For those attending a course or employment activity it need only be confirmed by the designating authority that the arrangements for this participation had begun before the stoppage of work.
Finally, a vague possibility of an absence, without further specifics is not sufficient to arrive at the conclusion that the absence was anticipated. It is necessary that the elements of anticipation, planning and organization be found to exist before the start of the stoppage of work in order for an absence to be considered as "anticipated" before the said stoppage. The situation here is one where the claimant had begun making arrangements before the start of stoppage of work and the absence from employment had been one of the anticipated consequences.
[ October 2013 ]
[ October 2006 ]
8.10.4 Period suspended
The suspension of a disentitlement will permit the payment of benefits to which the claimant is otherwise entitled for the reasons stated, regardless of the labour dispute in progress. The fact that there was participation, financing or direct interest will not have any bearing during the period where the claimant fulfills the legislative requirements relating to the suspension of the disentitlement Footnote 13 .

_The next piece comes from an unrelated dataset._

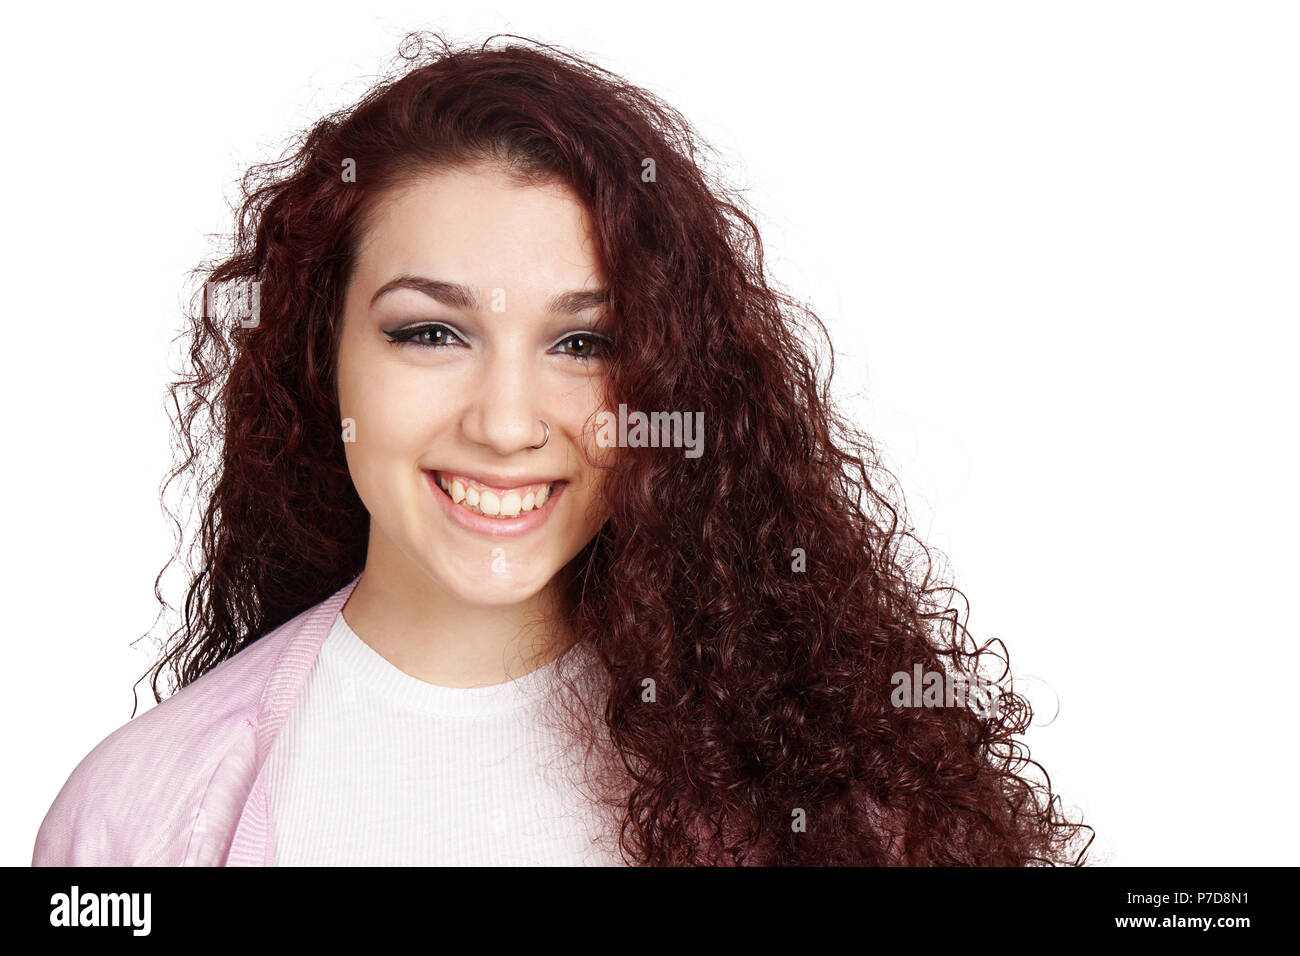 Felice ragazza adolescente con lunghi capelli ricci e sorriso toothy isolato su bianco Foto Stock

The disentitlement will be suspended for as long as the conditions are met. A claimant who, during the benefit period, is no longer otherwise entitled to benefit for the reasons stated, will automatically have the period of suspension terminated. The disentitlement will be re-imposed. Furthermore, so long as the legislative requirements are met, it is possible that there could be more than one period where the disentitlement is suspended in the course of the same labour dispute or benefit period.
The fact that a labour dispute disentitlement has been suspended will not prevent the labour dispute and the stoppage of work to follow their course, that a resolution between the two parties could occur, or even that the claimant at a certain time could meet the conditions of non-application Footnote 14 . When the situation permits the termination of the disentitlement, there is no need to continue with the question of suspension.
The suspension of a disentitlement does not constitute a safe-passage to immediately receive benefits claimed. During the period of suspension a claimant may be required to serve the waiting period, another disentitlement, an allocation of earnings, or even a disqualification for benefits otherwise payable.